Take the entries below and print only the lines from the one with "Judas optique laiton" through the one with "El whisky, una bebida espirituosa universal", exactly as they stand, both ends included.

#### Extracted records
==============================

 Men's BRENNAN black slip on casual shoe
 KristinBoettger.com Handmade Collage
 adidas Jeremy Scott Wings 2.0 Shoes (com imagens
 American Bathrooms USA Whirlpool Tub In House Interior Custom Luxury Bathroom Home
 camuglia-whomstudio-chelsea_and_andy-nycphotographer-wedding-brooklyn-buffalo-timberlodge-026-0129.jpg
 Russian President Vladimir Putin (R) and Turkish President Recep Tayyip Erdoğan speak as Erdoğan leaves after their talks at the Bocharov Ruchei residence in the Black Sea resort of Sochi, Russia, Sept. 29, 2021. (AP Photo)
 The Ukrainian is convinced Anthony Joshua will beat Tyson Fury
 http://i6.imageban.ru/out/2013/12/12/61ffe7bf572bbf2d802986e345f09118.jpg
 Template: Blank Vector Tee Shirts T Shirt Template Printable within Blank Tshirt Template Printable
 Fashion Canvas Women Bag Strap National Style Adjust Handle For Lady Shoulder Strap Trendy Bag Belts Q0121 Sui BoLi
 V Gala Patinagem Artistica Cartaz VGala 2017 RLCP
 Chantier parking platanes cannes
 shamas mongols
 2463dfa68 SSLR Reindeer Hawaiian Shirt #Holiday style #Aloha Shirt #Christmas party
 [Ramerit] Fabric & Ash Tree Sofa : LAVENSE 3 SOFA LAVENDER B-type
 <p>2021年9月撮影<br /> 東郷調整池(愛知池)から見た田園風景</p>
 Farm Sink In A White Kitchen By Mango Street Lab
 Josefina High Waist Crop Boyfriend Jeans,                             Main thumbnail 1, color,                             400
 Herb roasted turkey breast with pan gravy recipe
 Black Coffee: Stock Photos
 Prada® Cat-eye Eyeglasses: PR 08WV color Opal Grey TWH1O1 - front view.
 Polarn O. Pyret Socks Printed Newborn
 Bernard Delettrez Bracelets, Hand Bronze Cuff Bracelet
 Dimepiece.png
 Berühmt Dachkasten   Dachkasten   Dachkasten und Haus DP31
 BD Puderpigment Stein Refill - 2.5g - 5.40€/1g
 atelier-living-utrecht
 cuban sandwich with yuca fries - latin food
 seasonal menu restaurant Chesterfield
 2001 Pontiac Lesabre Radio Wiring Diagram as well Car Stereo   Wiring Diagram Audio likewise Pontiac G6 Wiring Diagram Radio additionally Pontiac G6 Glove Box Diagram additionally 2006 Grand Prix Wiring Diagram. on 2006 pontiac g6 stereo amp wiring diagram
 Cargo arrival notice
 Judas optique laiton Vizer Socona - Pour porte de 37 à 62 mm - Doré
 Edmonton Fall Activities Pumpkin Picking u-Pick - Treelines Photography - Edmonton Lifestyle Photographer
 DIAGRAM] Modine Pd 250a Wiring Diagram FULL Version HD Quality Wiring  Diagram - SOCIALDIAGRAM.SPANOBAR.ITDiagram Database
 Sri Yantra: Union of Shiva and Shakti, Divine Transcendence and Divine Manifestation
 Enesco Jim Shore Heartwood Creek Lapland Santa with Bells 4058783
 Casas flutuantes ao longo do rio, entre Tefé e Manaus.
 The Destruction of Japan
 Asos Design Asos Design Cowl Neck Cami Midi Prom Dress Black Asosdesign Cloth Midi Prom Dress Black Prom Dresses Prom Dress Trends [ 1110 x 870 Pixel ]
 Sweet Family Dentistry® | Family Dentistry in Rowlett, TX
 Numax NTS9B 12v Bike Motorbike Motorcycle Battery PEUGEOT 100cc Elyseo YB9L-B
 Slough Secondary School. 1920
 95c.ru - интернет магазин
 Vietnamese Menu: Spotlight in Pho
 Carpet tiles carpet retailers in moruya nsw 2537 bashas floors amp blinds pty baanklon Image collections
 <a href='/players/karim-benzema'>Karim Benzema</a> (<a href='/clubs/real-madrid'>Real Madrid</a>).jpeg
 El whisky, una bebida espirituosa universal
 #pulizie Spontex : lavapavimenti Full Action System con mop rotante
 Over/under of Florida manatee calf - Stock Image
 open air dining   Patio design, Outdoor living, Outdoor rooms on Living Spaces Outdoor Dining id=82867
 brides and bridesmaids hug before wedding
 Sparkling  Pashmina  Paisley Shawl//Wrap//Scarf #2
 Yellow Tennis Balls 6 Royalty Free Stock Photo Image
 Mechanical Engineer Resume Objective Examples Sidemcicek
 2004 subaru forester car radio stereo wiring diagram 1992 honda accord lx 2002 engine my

==============================

#### ANSWER TO THE EXERCISE
 Judas optique laiton Vizer Socona - Pour porte de 37 à 62 mm - Doré
 Edmonton Fall Activities Pumpkin Picking u-Pick - Treelines Photography - Edmonton Lifestyle Photographer
 DIAGRAM] Modine Pd 250a Wiring Diagram FULL Version HD Quality Wiring  Diagram - SOCIALDIAGRAM.SPANOBAR.ITDiagram Database
 Sri Yantra: Union of Shiva and Shakti, Divine Transcendence and Divine Manifestation
 Enesco Jim Shore Heartwood Creek Lapland Santa with Bells 4058783
 Casas flutuantes ao longo do rio, entre Tefé e Manaus.
 The Destruction of Japan
 Asos Design Asos Design Cowl Neck Cami Midi Prom Dress Black Asosdesign Cloth Midi Prom Dress Black Prom Dresses Prom Dress Trends [ 1110 x 870 Pixel ]
 Sweet Family Dentistry® | Family Dentistry in Rowlett, TX
 Numax NTS9B 12v Bike Motorbike Motorcycle Battery PEUGEOT 100cc Elyseo YB9L-B
 Slough Secondary School. 1920
 95c.ru - интернет магазин
 Vietnamese Menu: Spotlight in Pho
 Carpet tiles carpet retailers in moruya nsw 2537 bashas floors amp blinds pty baanklon Image collections
 <a href='/players/karim-benzema'>Karim Benzema</a> (<a href='/clubs/real-madrid'>Real Madrid</a>).jpeg
 El whisky, una bebida espirituosa universal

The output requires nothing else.